Grace, of course, had thought the same thing. Emma and Susie had been taken after closing at their respective jobs. Emma, Starbucks. Susie, a produce stand and gift shop on the west side of Tacoma. Lisa Lancaster and Tricia O’Hare were both college students last seen in a Pacific Lutheran University parking lot. All four girls had never given the authorities any reason to suspect that they’d run off willingly. If any had a secret boyfriend or lover, it would have been news to their families. Big news.
And all four girls had one thing in common-their physical appearance. Susie, Lisa, Kelsey, Tricia… all were brunettes of a similar body type and build. They were lovely girls; two lost forever. One was still missing-waiting patiently for someone to find her dead or alive.
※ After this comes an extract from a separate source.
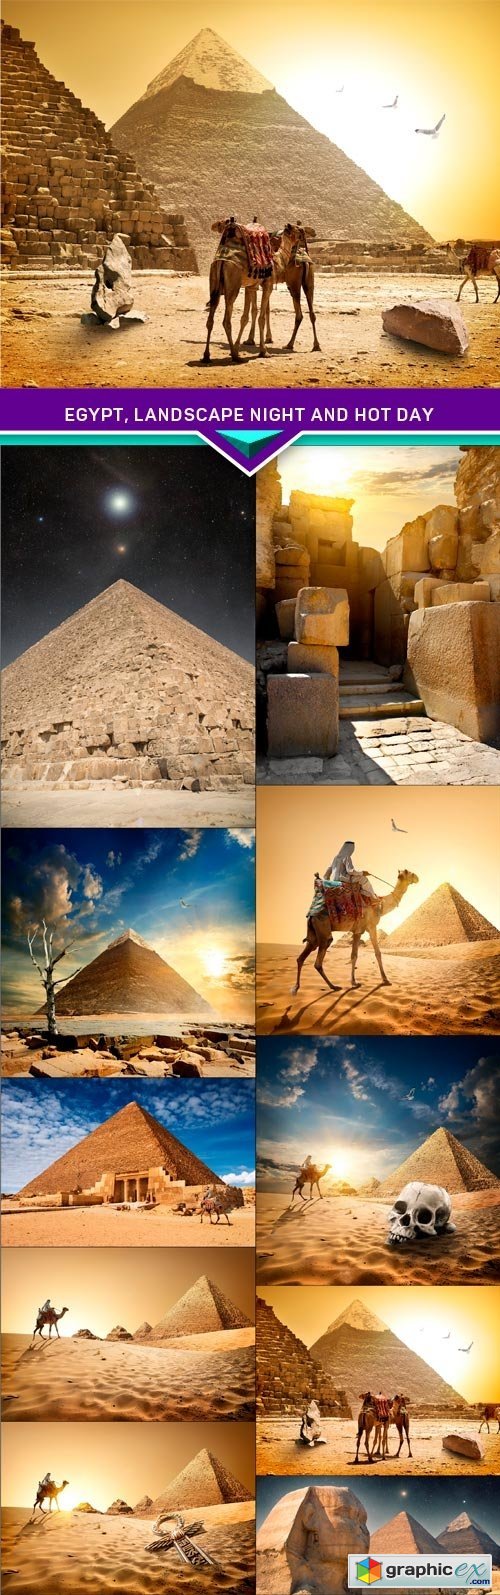 Egypt, landscape night and hot day 10x JPEG

“I’m thinking that you came here for help of some kind, Grace,” the elderly woman said.
“Yes,” Grace said, hesitating a little. It was the reason she’d come. Anna Sherman could read people better than anyone. “This is hard to ask, but I’ve been thinking about Ted Bundy and…” Her voice trailed off and the look of recognition came to Anna’s face. Her dusty blue eyes were instantly full of emotion. Even all those years after everything happened, the name still brought back a flood of memories. None of them good.
Anna locked her eyes on Grace. She didn’t say anything. She just looked.
“I was thinking about the similarities of the cases… and, you know, the letters to and from Ted.”
“Tell me about the letters,” Grace said.
“You’re interested, then?”
She nodded and looked at the blue plastic box. “Yes, that’s why I’m here.”
By the looks of them, the letters had been typed on a manual typewriter. Some letters, most notably the E and R, seemed to stick and were rendered slightly above the baseline of the words in which they were used. It was double spaced and signed: peace, Ted.
Dear Mrs. Sherman:
I want to call you Anna, but I don’t know if you want me to do that. I look forward to each of your letters and though I wish I had some information to ease your mind, I know I don’t. Every time I write to you without the response that you are looking for, I think you will stop writing to me. I would hate for our friendship, however tenuous, to end because I will not make up a story about your daughter just to give you peace of mind. I guess everyone wants peace of mind. Even me.
Especially me.
So that we can continue our correspondence, I will offer you something. Not an admission of course-because that’s not the truth-but I will offer you my most sincere, my most heartfelt, most genuine condolences for your loss. Your daughter was a beautiful girl and undoubtedly loved by many. Whoever killed her is a complete monster.